Hanoi: Vietnam’s inflation accelerated for the first time in 12 months in September, up 6.48 per cent on a year earlier, amid fears of a return to rocketing prices as the country grapples with multiple economic woes.

The consumer prices index (CPI) hit a three-year low of 5.04 per cent in August, according to the General Statistics Office figures, after an all-out drive by the communist country to bring last year’s double-digit inflation under control.

But cooling growth in the country’s once-vibrant economy has seen Vietnam cut interest rates five times in 2012.

“Inflation could become again a macro-economic problem in coming months,” economist Vu Dinh Anh told AFP.

He said September’s CPI hike represented a record monthly increase of 2.2 per cent, after increases in prices for key products including petrol.
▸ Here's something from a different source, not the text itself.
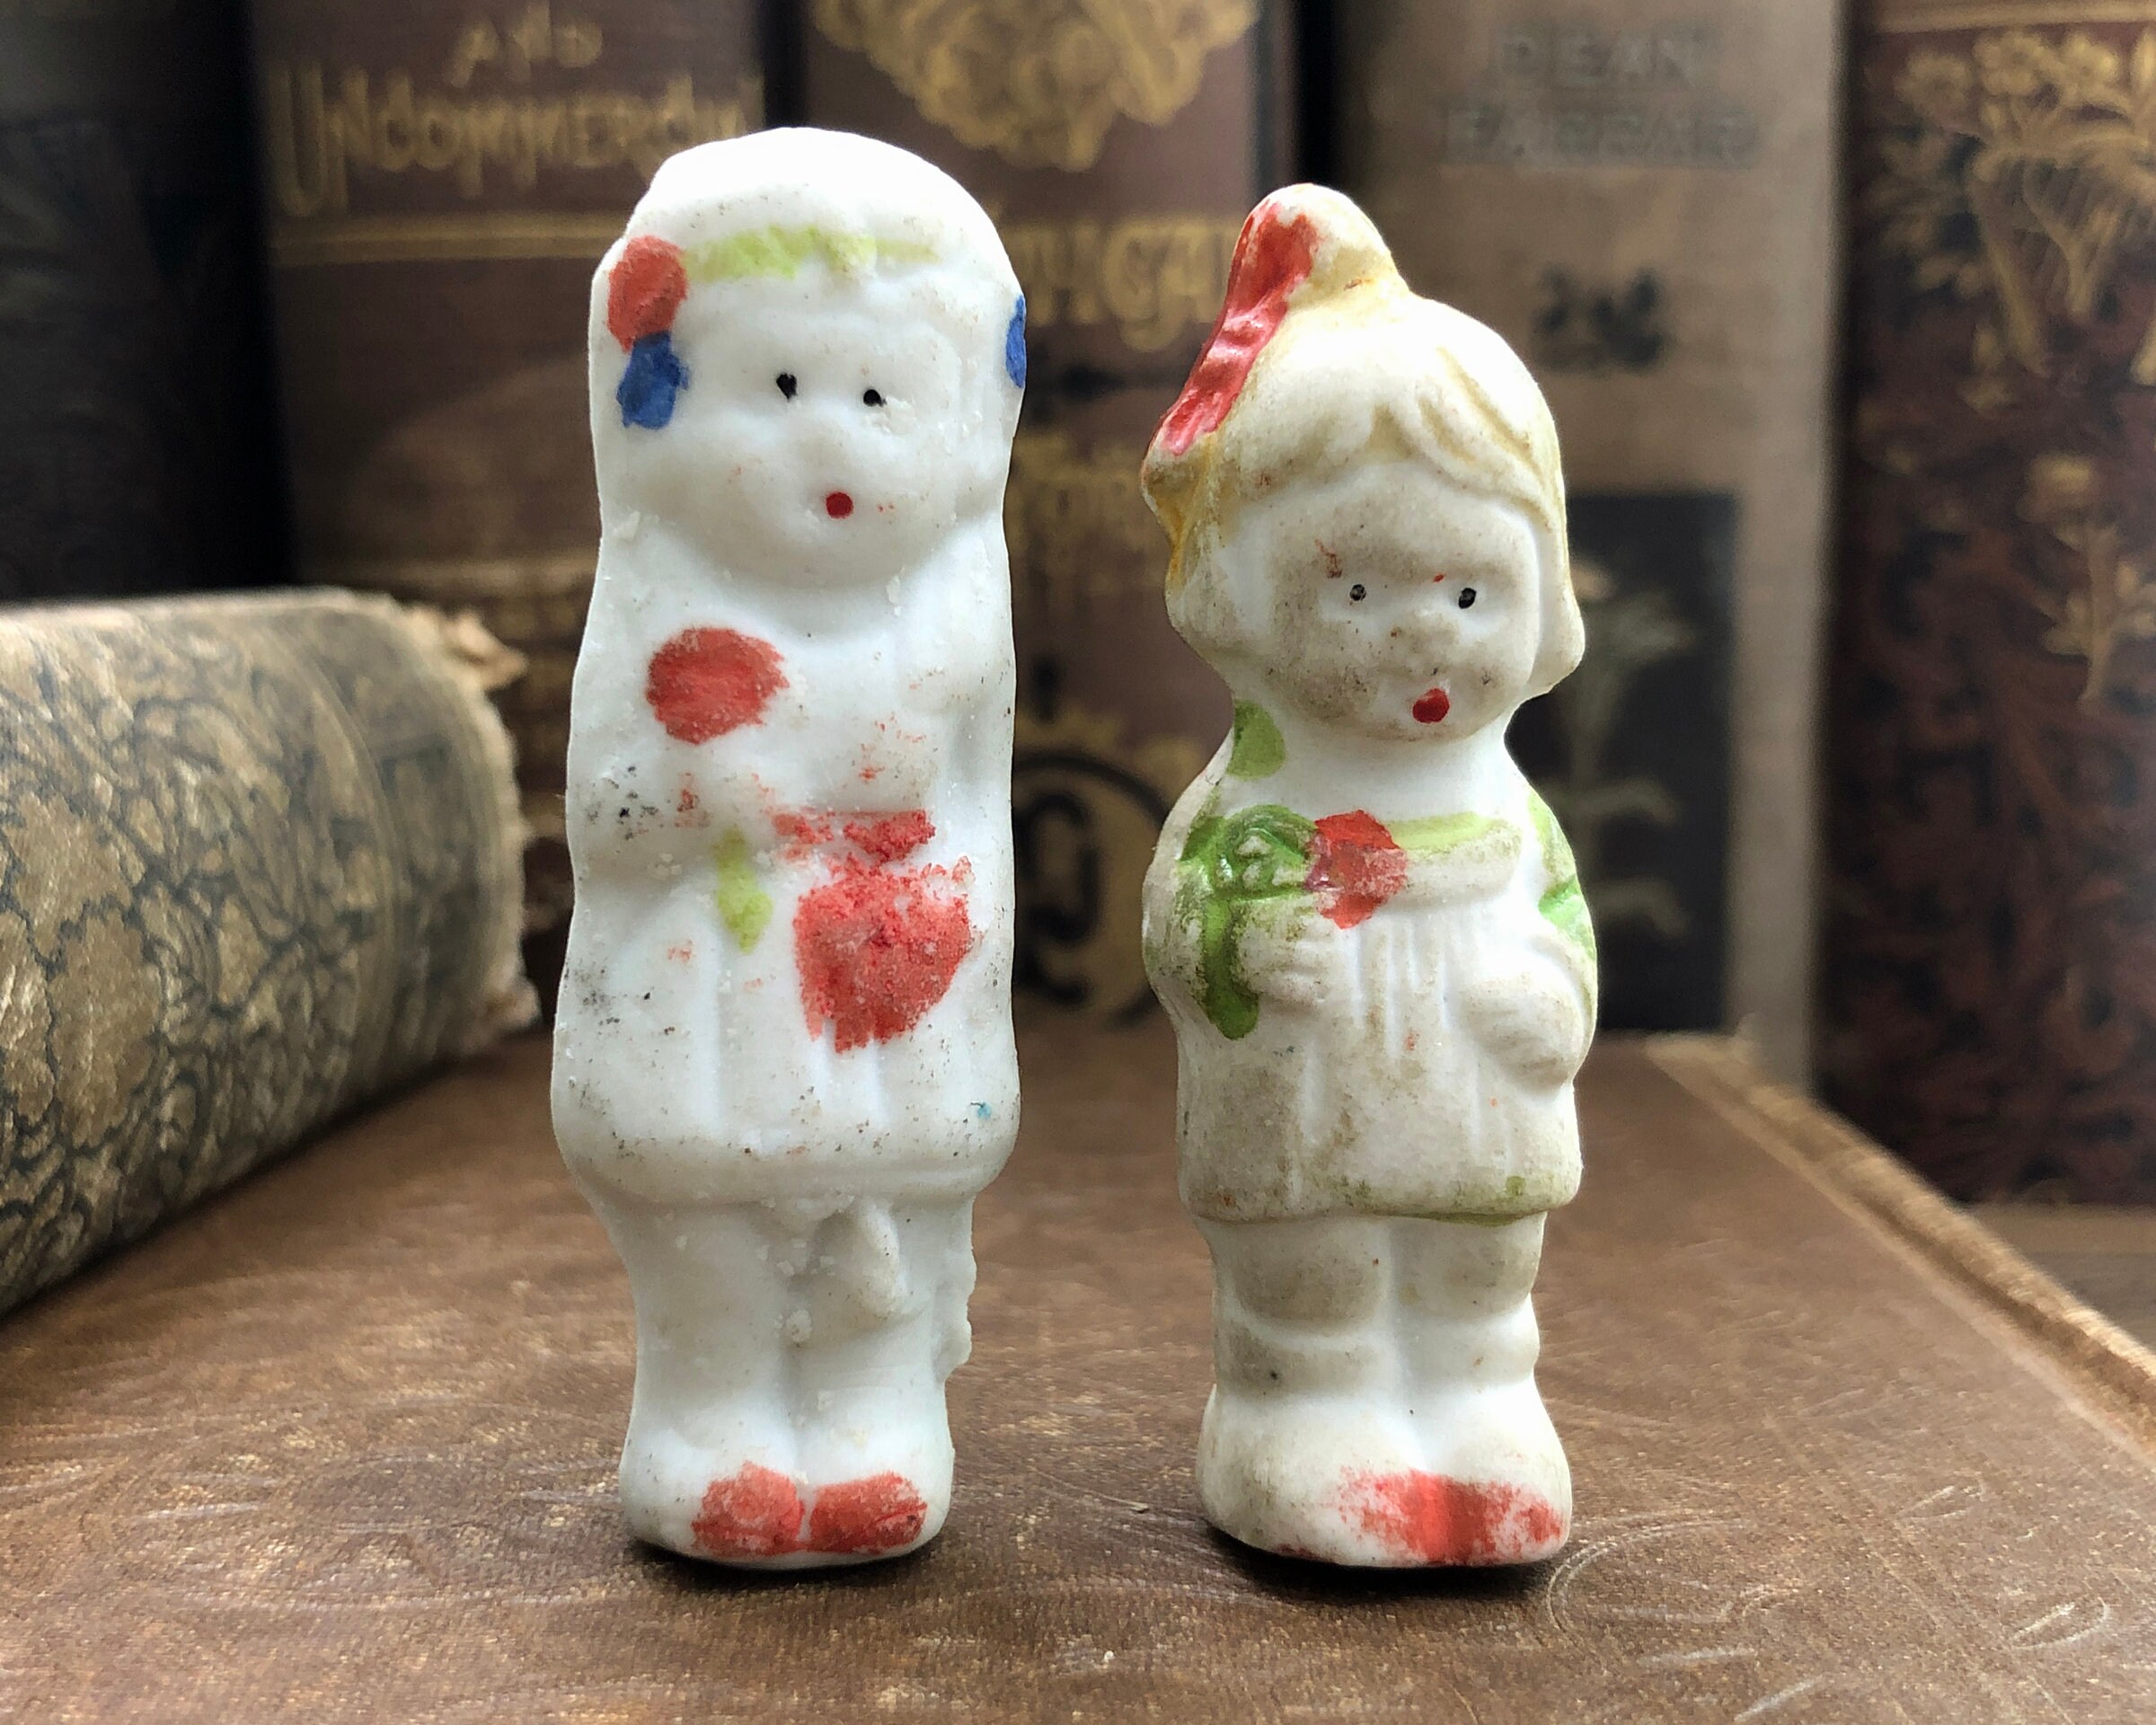 Doll Antique Tiny Bisque Girl Porcelain Bisque Figurine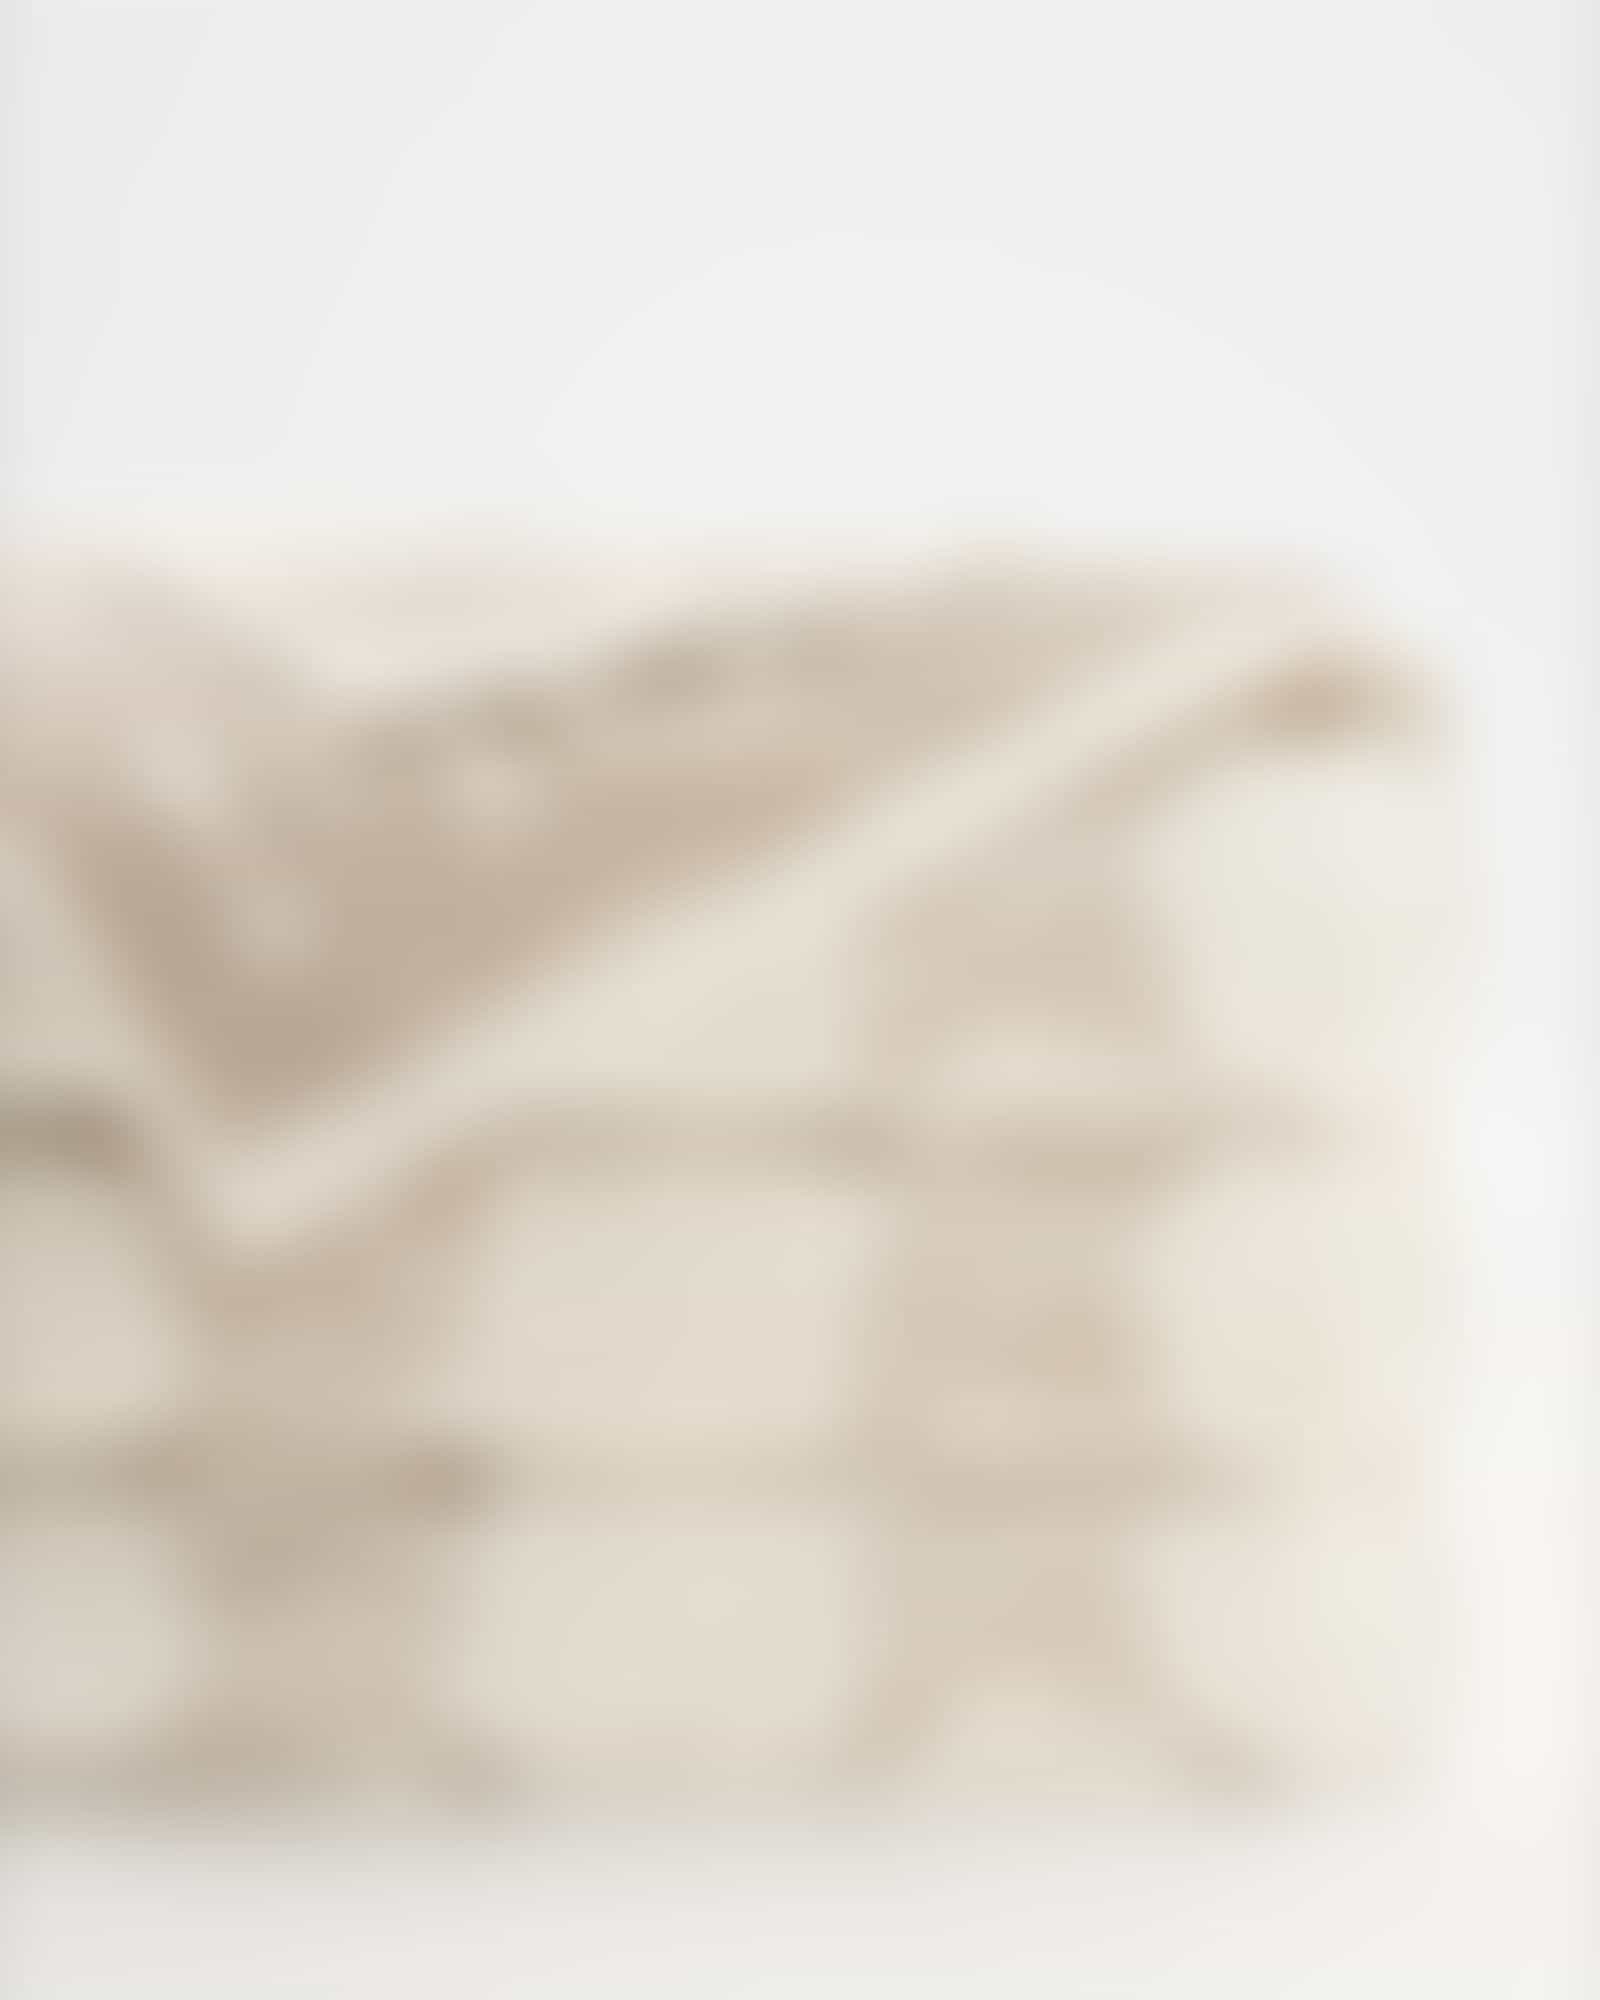 JOOP! Classic - Cornflower 1611 - Farbe: Creme - 36 - Gästetuch 30x50 cm

Vietnam has struggled with double-digit inflation for years. Inflation peaked at 23 per cent in August 2011, forcing the government to repeatedly hike interest rates in an effort to prevent the economy from overheating.

The country’s economic growth slowed to 4.38 percent in the first half of this year compared with the same period in 2011.

The government is targeting single-digit inflation and a 6.0 to 6.5 per cent growth in economic output for 2012. The overall inflation rate for the first nine months of 2012 stood at 9.96 per cent year-on-year.